Литмир - Электронная Библиотека
Содержание  
A
A

…Чёрт возьми, как неудобно, когда больше в вагоне никого нет. Мы так ничего и не знаем о дилижансе до деревни. Правда, мне показалось, что я слышал на перроне русскую речь, причём как минимум от двоих, но вагонный служитель, конечно, был бы тут более полезен. Однако, судя по всему, эту каналью скоро не доищешься. Как их тут вызывают, ты не знаешь?

* * *

– Нам, бернским, вообще принято завидовать. Конечно, в Иннерходене или Шаффхаузене время вообще остановилось, но там полицейские и получают сущие гроши: граждане знают, кто им на самом деле нужен, а кто так, больше для проформы. Стоящее преступление там совершается раз в сто лет, даже вахмистра не считают за человека, а выше гауптмана чинов не существует вообще. Но бог с ним, с Иннерходеном. Возьмём, например, Женеву. Я приехал вчера, замечательно погулял и отлично пообедал – вещь, совершенно недоступная в Берне. Но служить здесь я бы не стал ни за что. Не потому, что я недостаточно знаю французский – я бы и в Цюрихе работать не смог. А потому, что жизнь у вас слишком уж бурная.
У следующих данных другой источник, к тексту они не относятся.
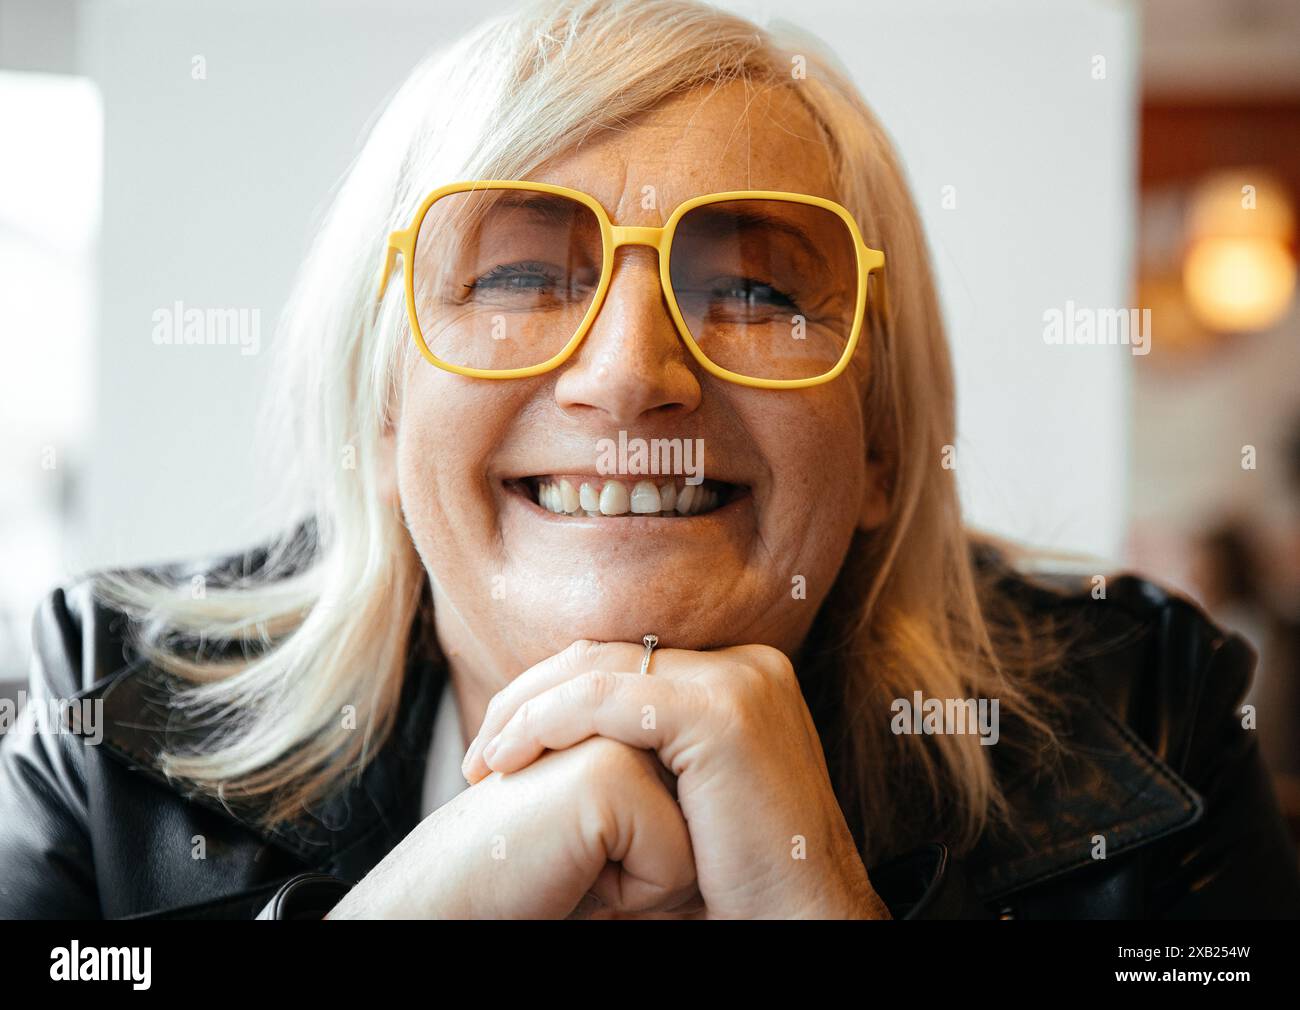 Smiling older woman with yellow glasses and blonde hair Stock Photo

Всякие иностранцы так и кишат и у каждого второго – дурные намерения и браунинг в багаже. Подвальчики с куплетами, курящие девицы, студенты, никогда не видавшие аудитории, опиум, контрабандный бренди – ничего этого у нас в Берне нет, и это замечательно. Разумеется, иностранцев и у нас хватает, но всё же мы несколько на отшибе и конченые сорвиголовы до нас не добираются. Жалованье же при этом совсем как в Женеве. Короче, нам завидуют, но нас это не беспокоит. Обывателю служба инспектора кантональной полиции представляется чем-то унылым и в то же время несложным. Сколько я наслушался анекдотов про пастуха, уволенного общиной за идиотизм, но вернувшегося в деревню с погонами ефрейтора! Был бы досуг, можно было бы издать толстенькую книжку. А между тем из иного ефрейтора вполне может выйти судебный следователь и, чем чёрт не шутит, даже прокурор. Вот Вальтер, который так удачно отдавил вам ногу на перроне (ей-ей, удачно, ведь иначе мне пришлось бы скучать три часа одному вместо такого приятного общества, да ещё коллеги). Сидит, трясётся сейчас в своём третьем классе – и наверняка зубрит «Полные комментарии к Закону об уголовном праве» или вообще того гляди Zivilgesetzbuch[1]. Девятнадцать лет, бреется еле-еле, а котелок варит получше, чем у меня. Это у него в мать, конечно, недаром она сестра моей жены. У них в Туне вообще бабы головастые.

– Во французских кантонах третий класс ужасен, как это ни прискорбно. Вы сделали бы своему парню большое одолжение, если бы немного доплатили.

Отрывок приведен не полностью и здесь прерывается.